The new longbow
| BOSTON
Transparency is the new military buzzword. If one side sees where the other side is all the time, or the inverse, blinds the other sides' command and communications structure, computer-guided munitions can wreak havoc.
NATO's air assault against Serbia laid bare the vulnerability of any nation unable to fight a networked war. The Internet is the mother of all networks. It may well prove the mother of all battlefields as well.
Look to history. The English longbow plied by yeomen ended the military power and social reign of knights. "Shining" armor fell to a taut string, a cured piece of wood, and a tipped arrow. The military dynamic of the Middle Ages - knight, squire, and armorer - ceased.

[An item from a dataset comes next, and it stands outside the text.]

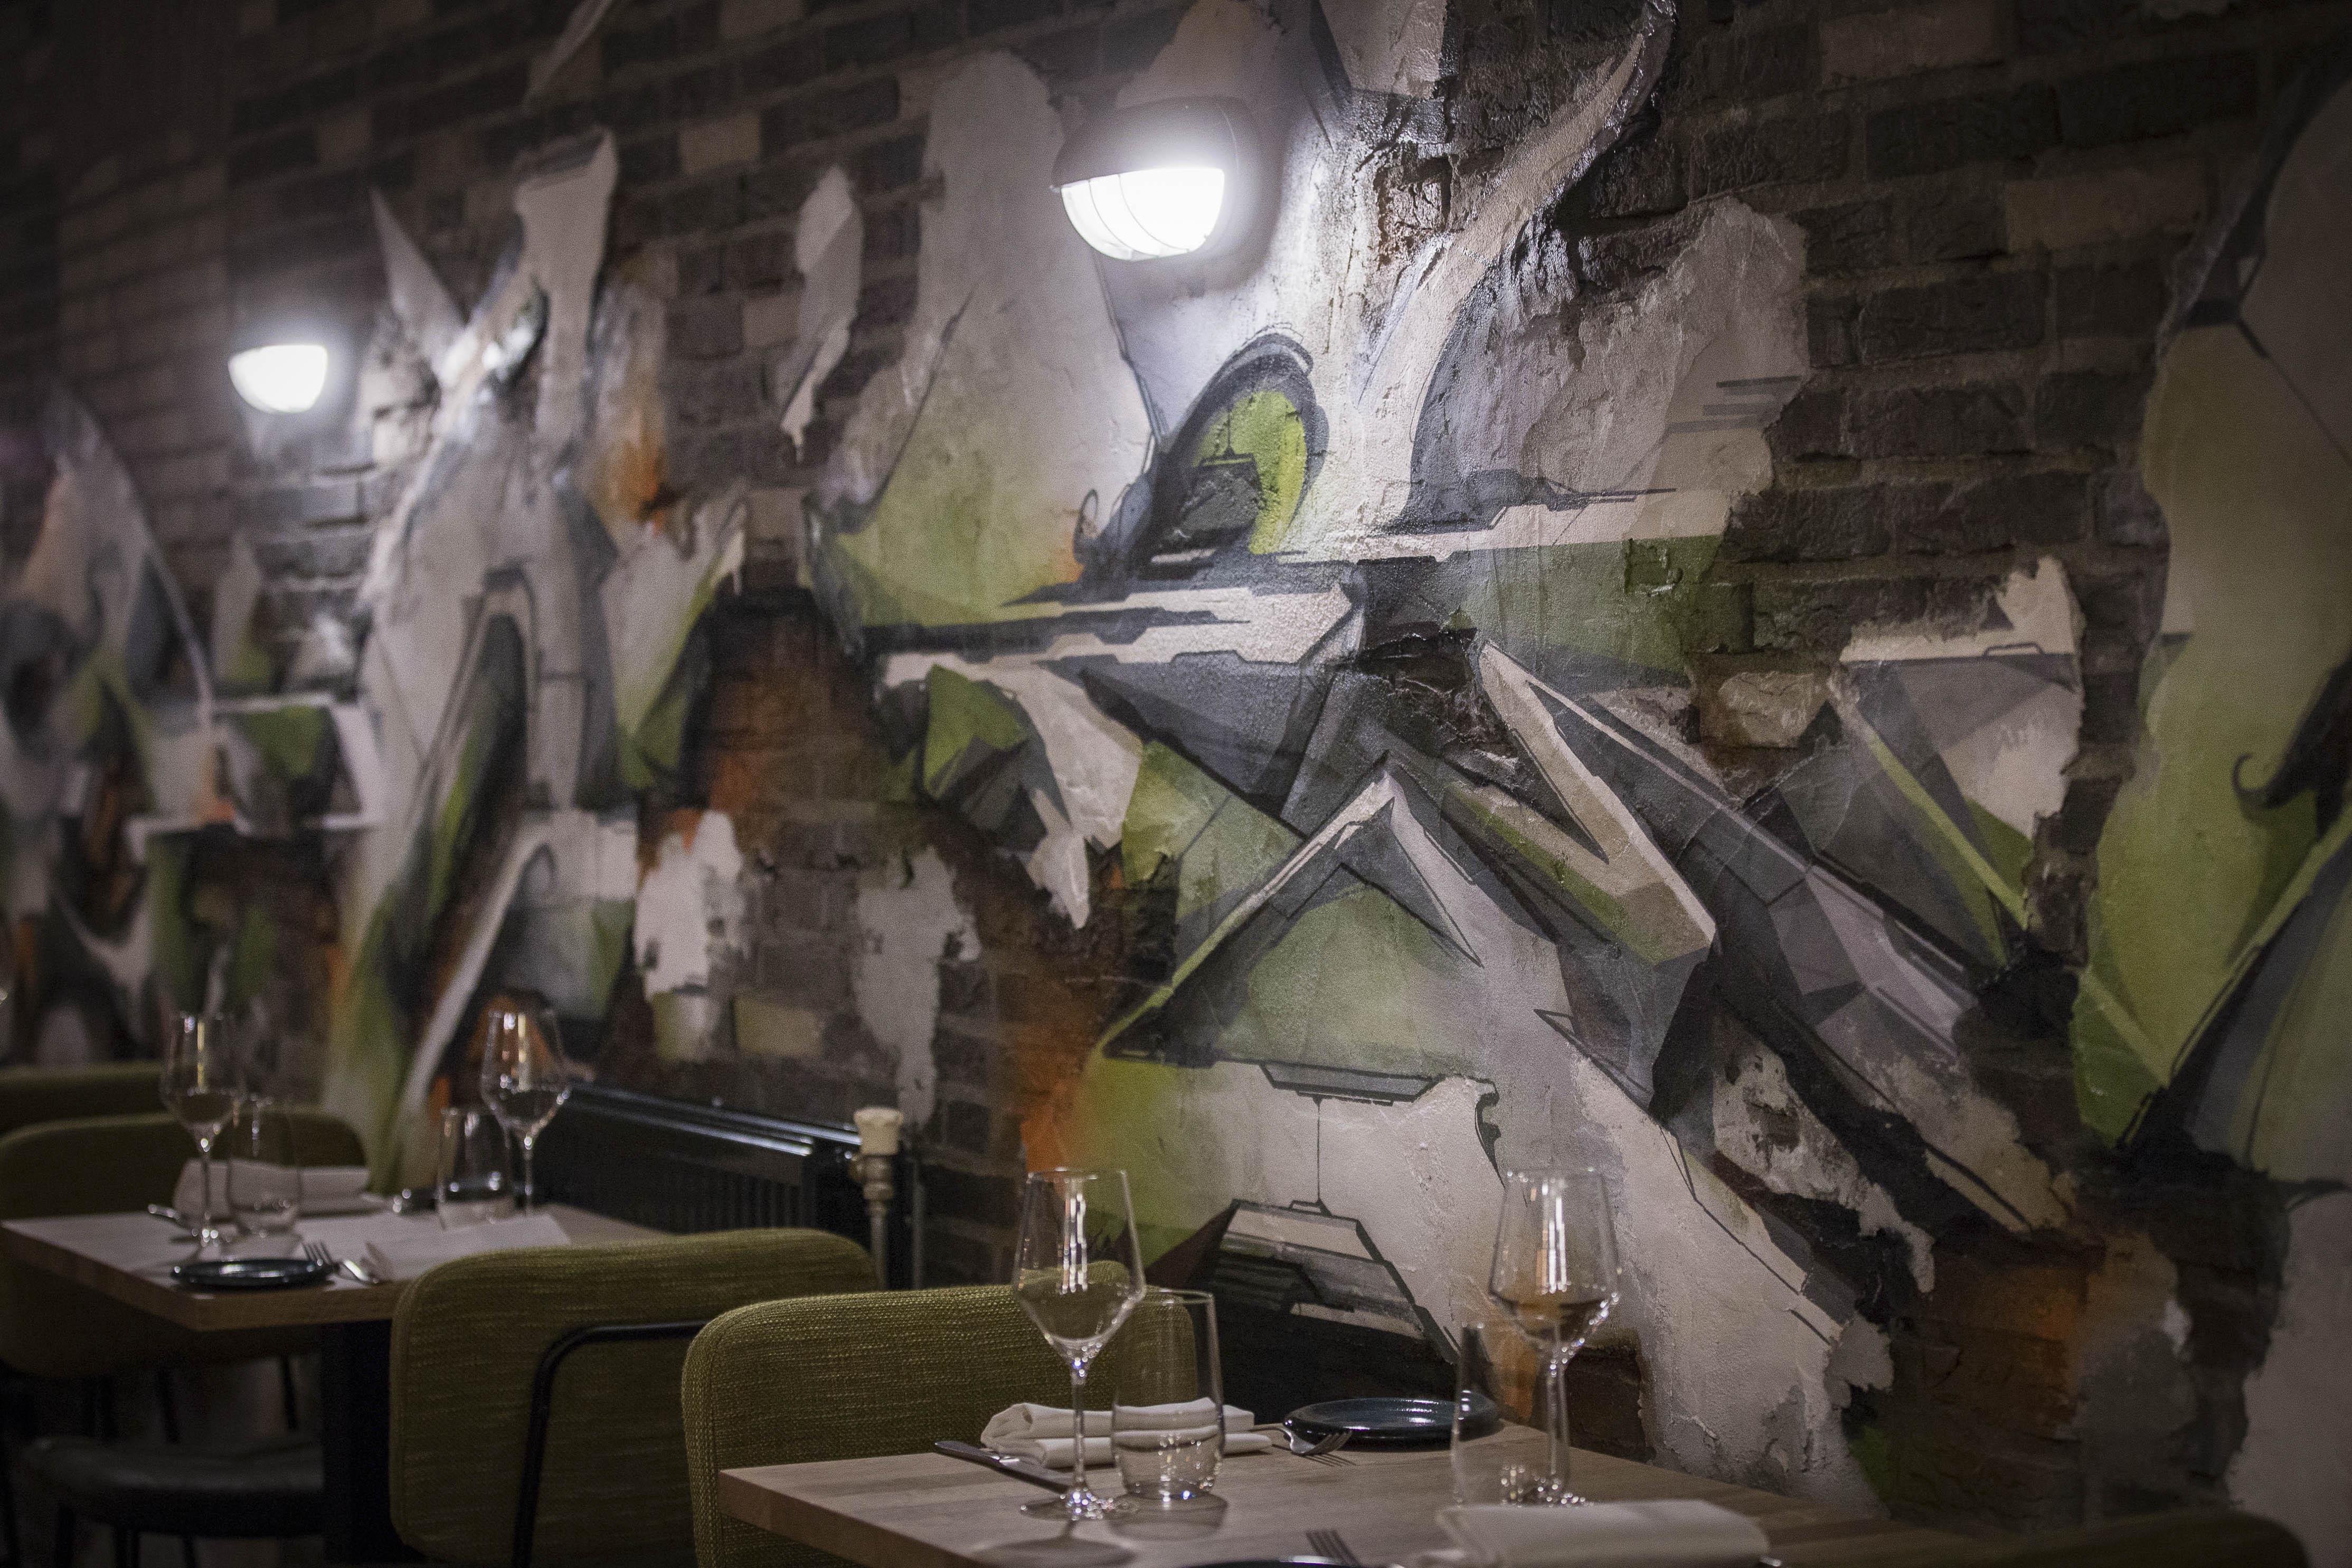 A work by Does - 8 Digital Does Zinc Restaurant_Blickfänger02-smaller

Air power launched from carriers (knights of the sea) in World War II determined who ruled the waves. Today, low-flying missiles like the Exocet are the naval equivalent of the longbow for developing nations facing nuclear-powered aircraft carriers.
Rogue nations can run espionage/terrorist rings with a few individuals using laptop computers, (the hacker's longbow) bringing down entire networks. A networked war turns the Internet's ability to connect anyone to everyone, anywhere, on its head.
Tom Regan (see article right) looks at how information technology in the private sector shapes the new face of information warfare for Western democracies.
Rather than the blunt Armageddon of nuclear bombs, cyber-weapons linked to a network give defense planners precision tactics undreamed of before the World Wide Web just five years ago.
It is time we realized this is not the stuff of movies, but the stuff of national security advisers, the FBI, the Pentagon, and the military service academies.